Transcribe every line of the material below exactly, leaving out the pictures.

▸ Given data:
+ + +
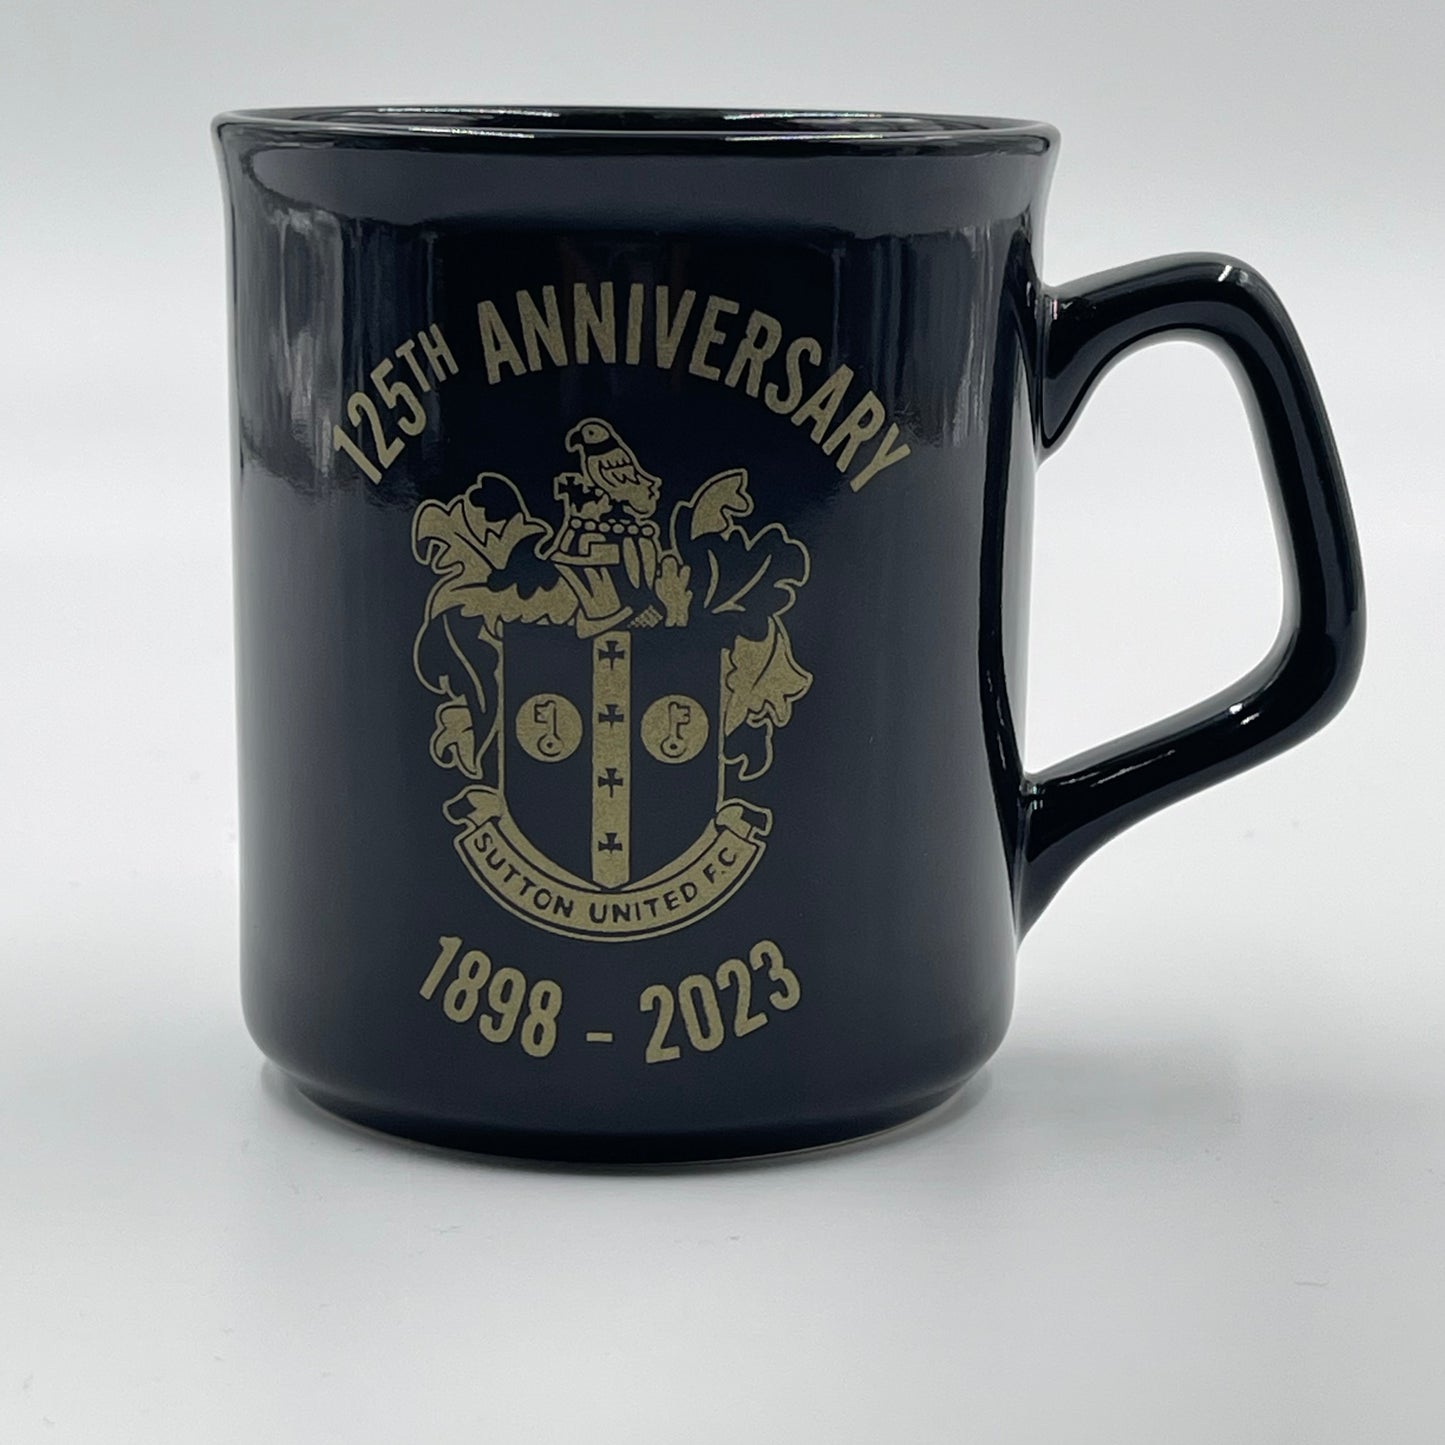 125th Anniversary Mug
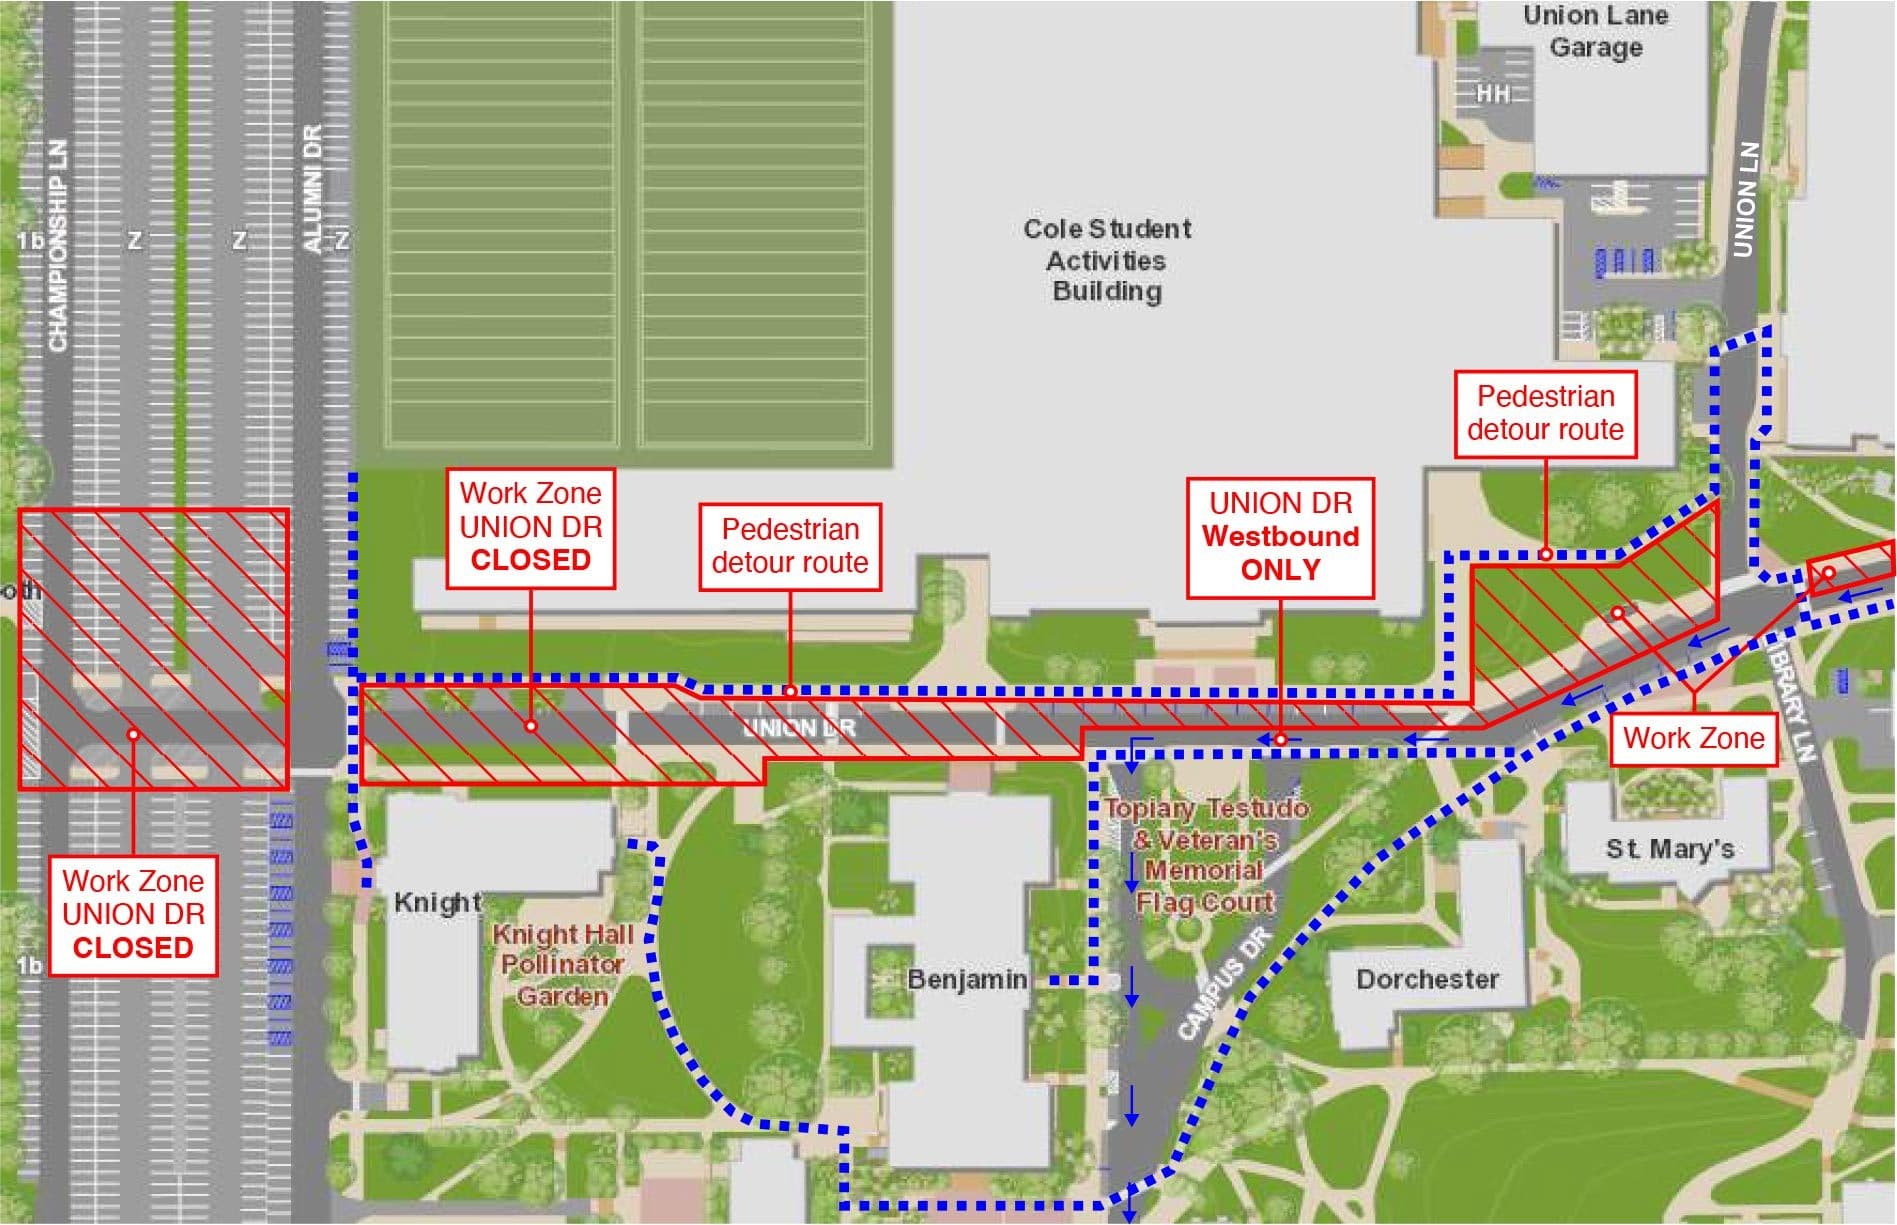 map showing Pedestrian detours along Union Drive near the Cole Student Activities Building
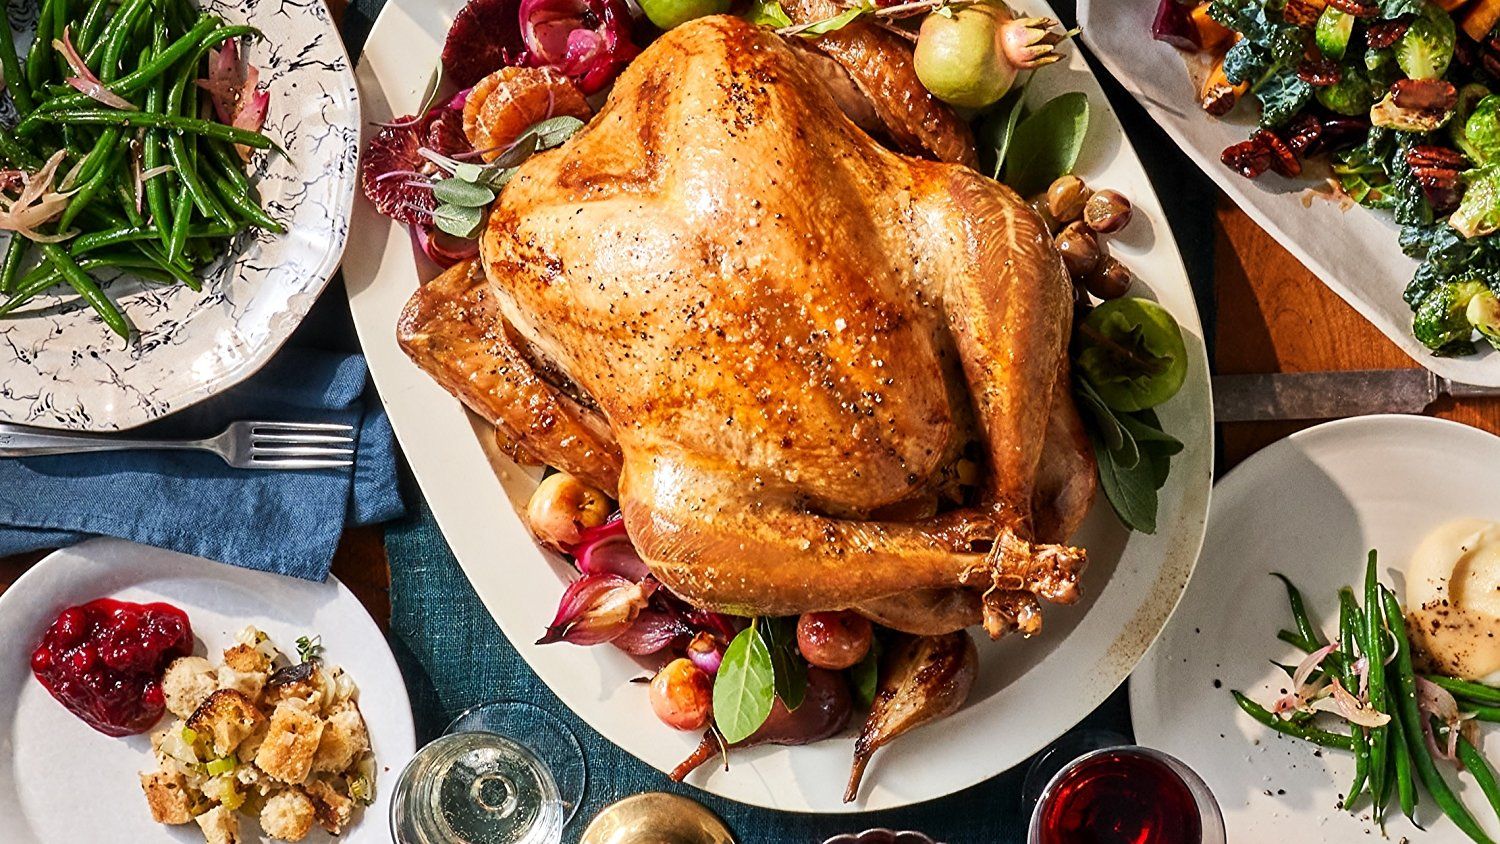 Next Happening: Holiday Turkey Available!
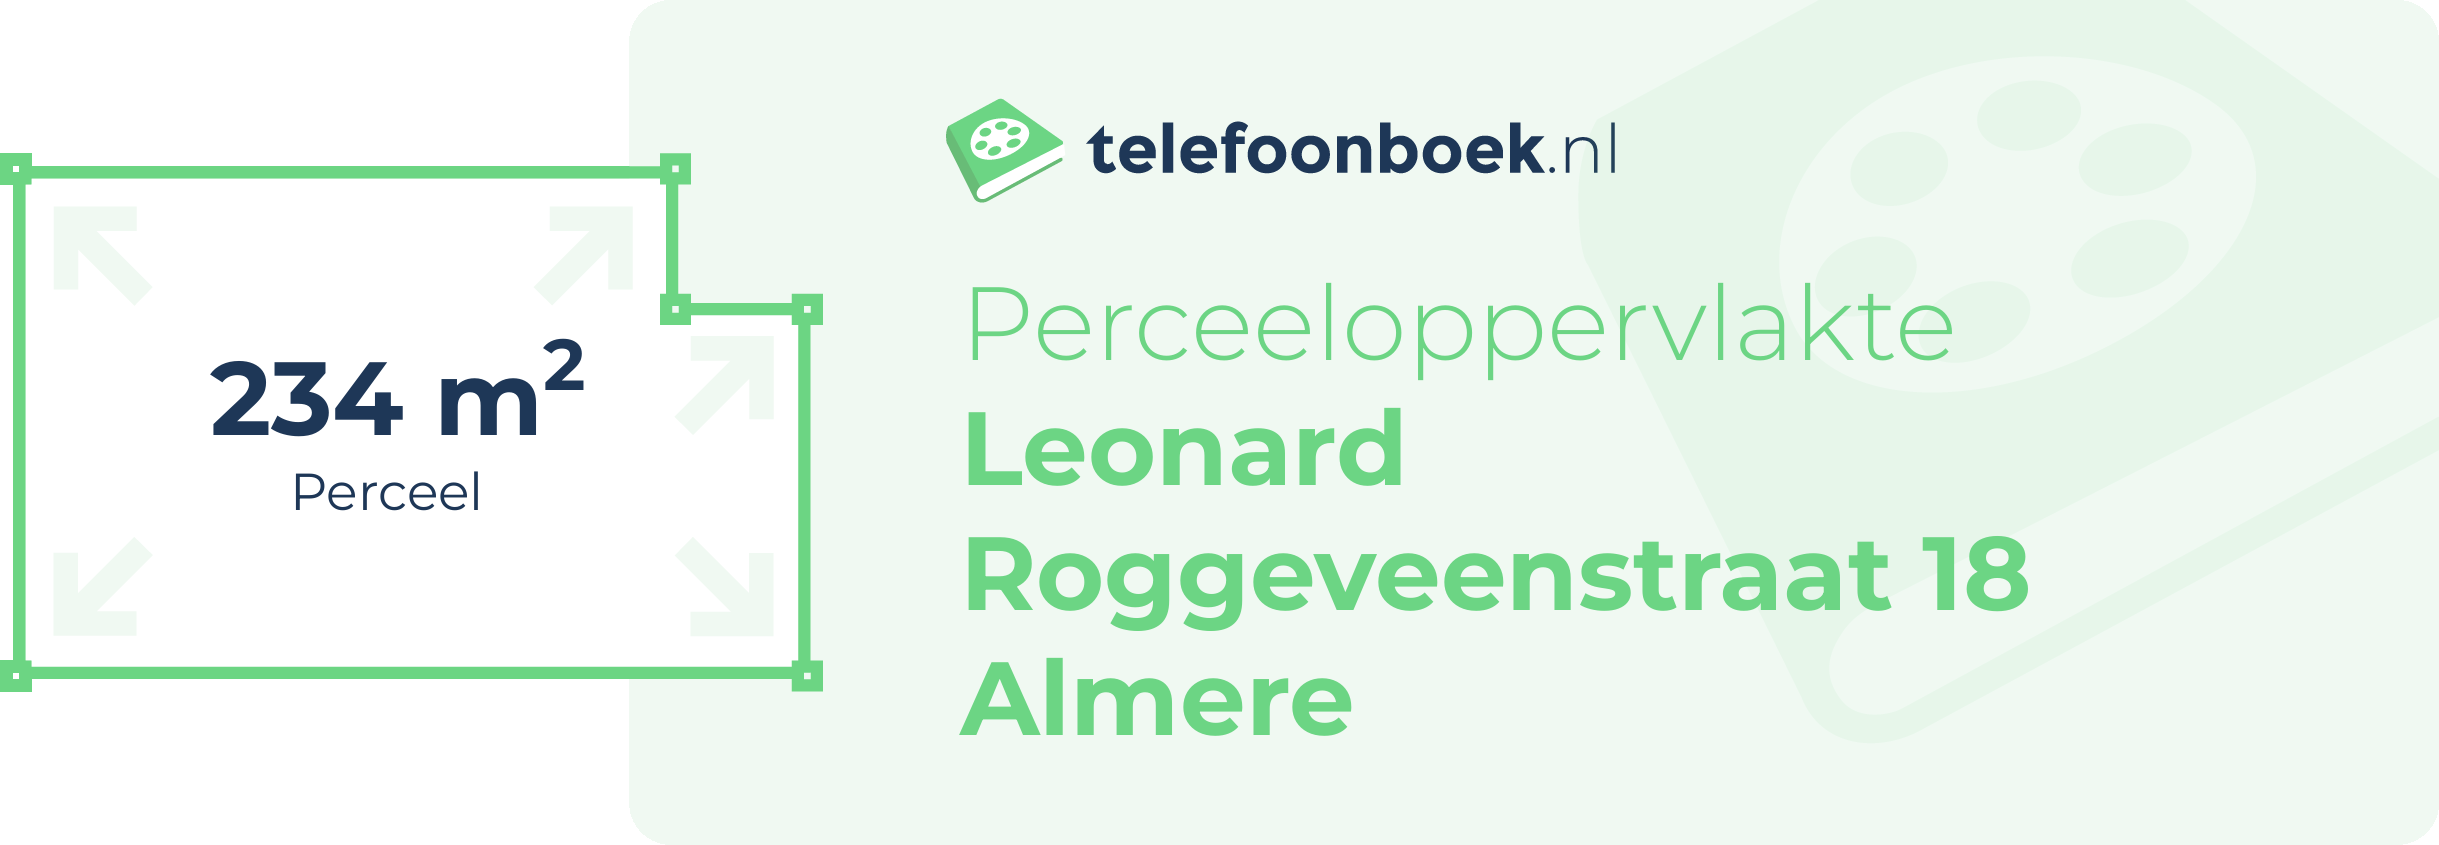 Perceeloppervlakte Leonard Roggeveenstraat 18 Almere
+ + +
▸ Reply:
 125th Anniversary Mug
 map showing Pedestrian detours along Union Drive near the Cole Student Activities Building
 Next Happening: Holiday Turkey Available!
 Perceeloppervlakte Leonard Roggeveenstraat 18 Almere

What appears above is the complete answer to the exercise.